Discarded wooden pallets turned into household items

Discarded wooden pallets turned into household items

                             Marini with a coffee table and benches made of wooden pallets at her home in Seremban.

WOODEN pallets discarded outside warehouses are a common sight and no one would think of its benefit.

But in the eyes of Marini Mohammad, these humble pallets can be turned into fabulous furniture pieces, which she did and transformed her home.

She collected close to a 100 pallets and converted the timber with its natural grain patterns into household furniture.

The Seremban home of Marini, who is an environmental health officer with Petaling Jaya City Council’s (MBPJ) Solid Waste Management and Public Cleaning Department, is furnished with reclaimed timber. 

“Wooden pallets are available and often can be sourced for free. It’s simple to work with and has beautiful wood grain. Disassembled wood pallets can bemade into any size furniture. With an old aluminium sink still in good condition, I have built a cabinet around it using the wood. Friends who come over love the simple design,” she said.

                                          A cosy table with two chairs. 

She added that with a little creative effort, she had made furniture to fit all nooks and corners in her house, including under the stairs.

Marini, 32, said she has made coffee tables, television cabinets, tables, book shelves, double-seater sofa sets, and even bar stools with the pallets.

“Once a furniture piece is completed, I feel happy and it’s a sense of achievement. It is more than just sorting out newspapers or plastic for recycling. I call this process up-cycling as I get to bring the discarded waste materials into the home and give it a new lease of life,” she said with passion.

Marini added that it would have cost a few thousand ringgit using new timber and materials from a hardware shop but all furniture at her home costs her less than RM300, mainly for transporting the wood pallet.

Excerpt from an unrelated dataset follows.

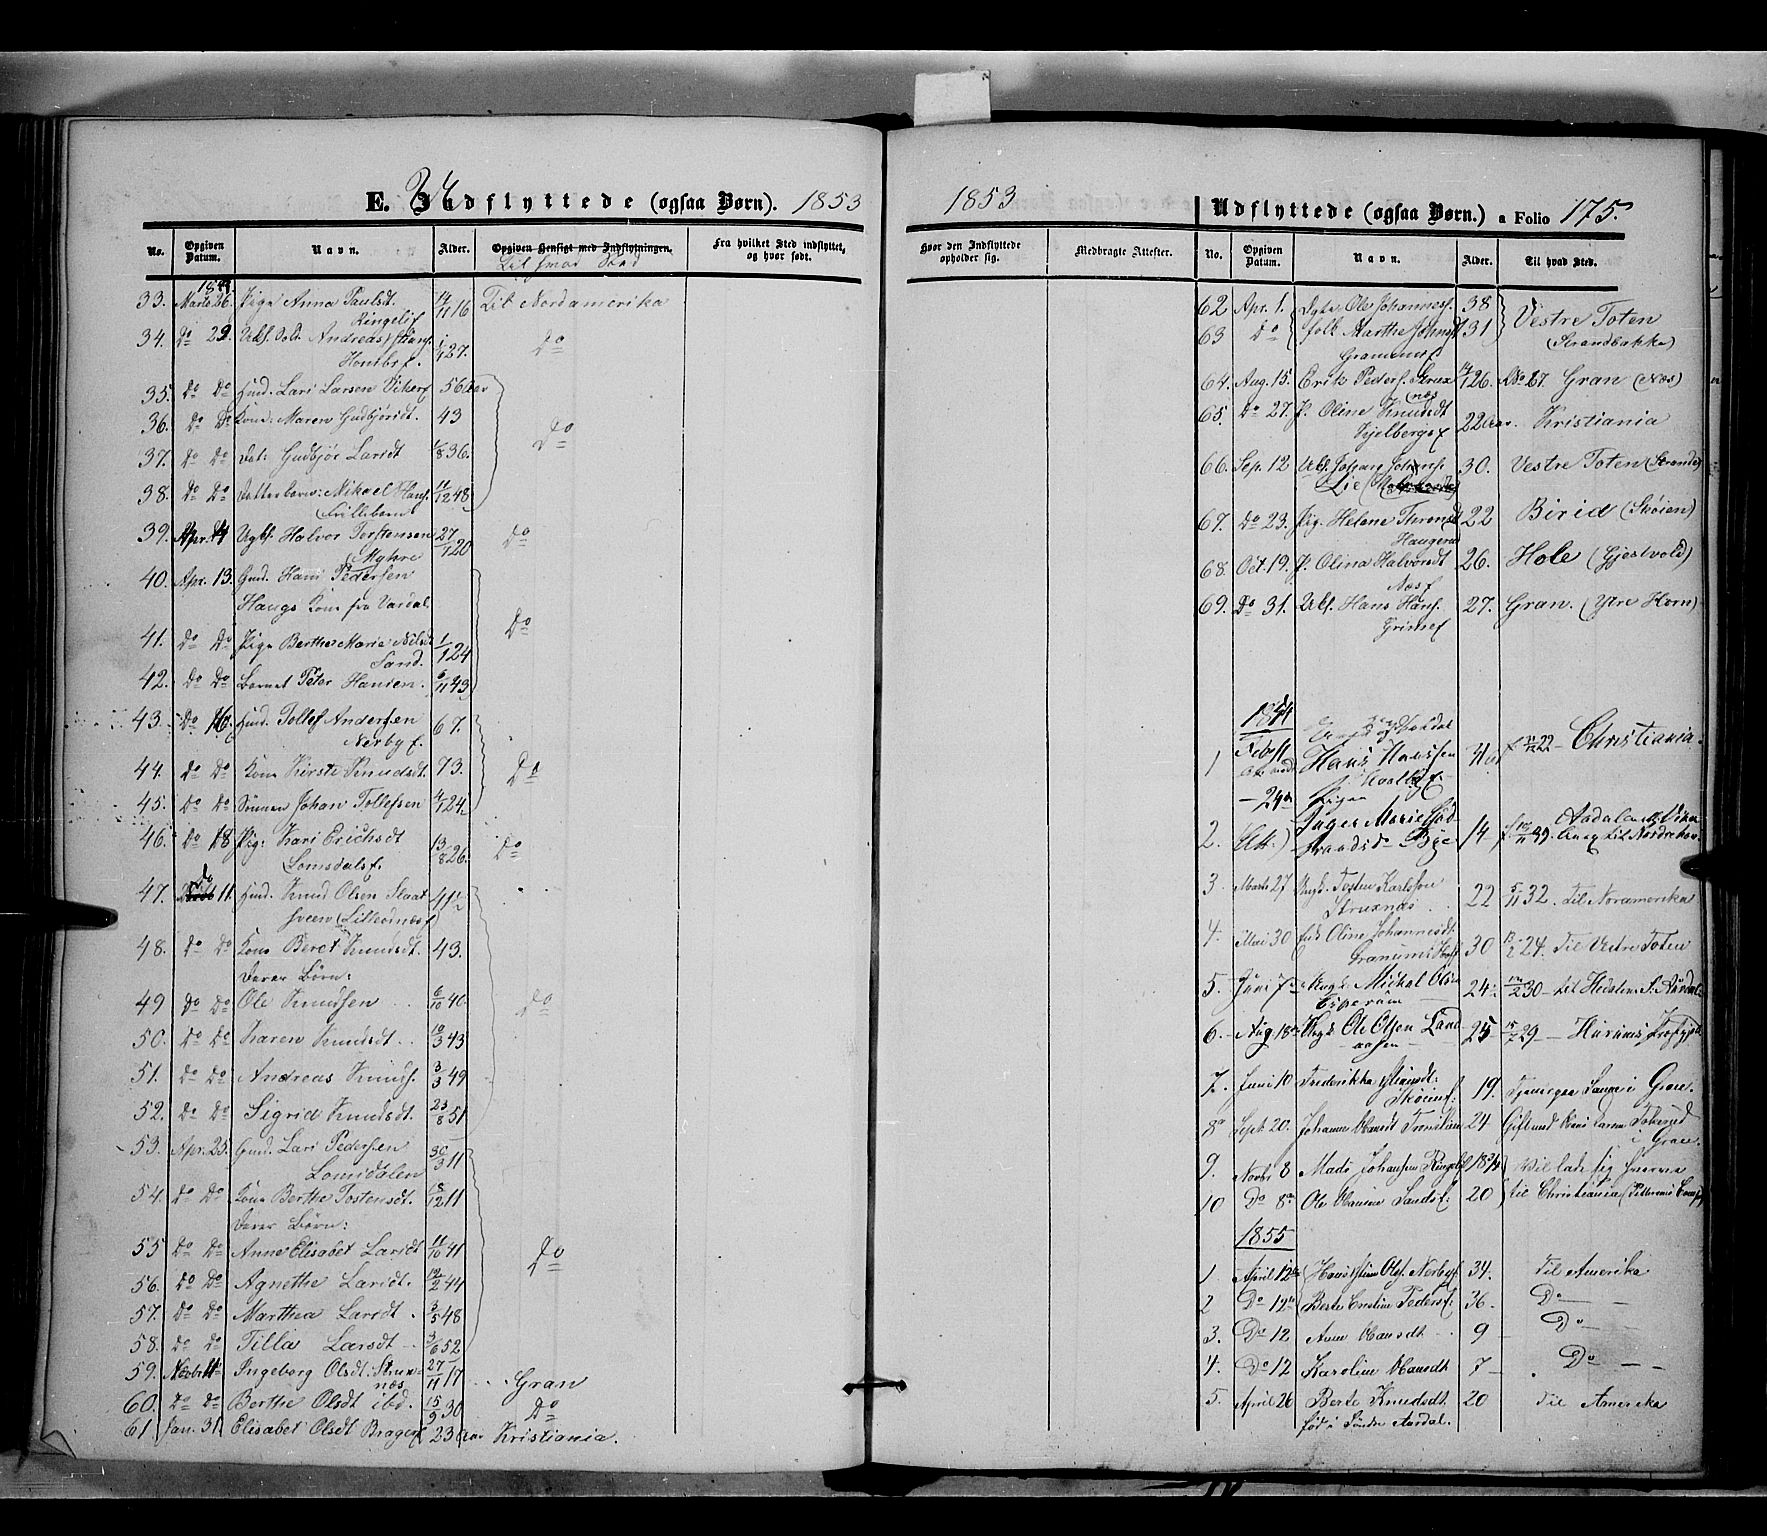 SAH, Land prestekontor, Ministerialbok nr. 9, 1847-1859, s. 175

“Most of the neighbours and relatives love the natural texture that exudes a modern rustic look. At times, I give it a twist by adding a touch of colour. For me it’s a drive towards sustainable living, sparing the landfills and saving cash in these tough economic times,” she said.

Other than furniture, Marini also turns old buntings into rain coats.

                                A unique looking television cabinet. 

Solid Waste Management and Public Cleaning Department director Lee Lih Shyan, who is Marini’s boss, said he was proud of her green efforts in reusing waste.

“Our department is thinking of getting Marini to share her natural carpentry skills to educate people in Petaling Jaya to make their own furniture from discarded wood pallets. We must understand that furnishing a house or apartment is expensive, but if people can put in some time and effort to turn wooden pallets into beds or chairs, it will cut down on expenditure,” said Lee.

MBPJ councillor Peter Chong said it was time to get people to see eco-friendly pallet furniture as a contemporary design for the home and involve people in workshops to guide them in making the furniture.

“Sometimes we need to guide people to create furniture from reclaimed wood. MBPJ must hold such workshops to build
the trend that is chic and adds character to the home.

“Lee has told me that MBPJ plans to have a workshop soon in Taman Jaya where residents will be taught how to make simple chairs,” he said.

                                                              Wooden pallets are used to create a small cup – board to store items under the stairs. 

Chong added that it was crucial for people to start reusing wood pallets to reduce carbon footprint because of space constraints at the landfill and the serious issue of global warming.

During the PJ Waste Summit, residents were able to view wood pallet furniture made by Marini at the PJ Civic Centre off Jalan Yong Shook Lin.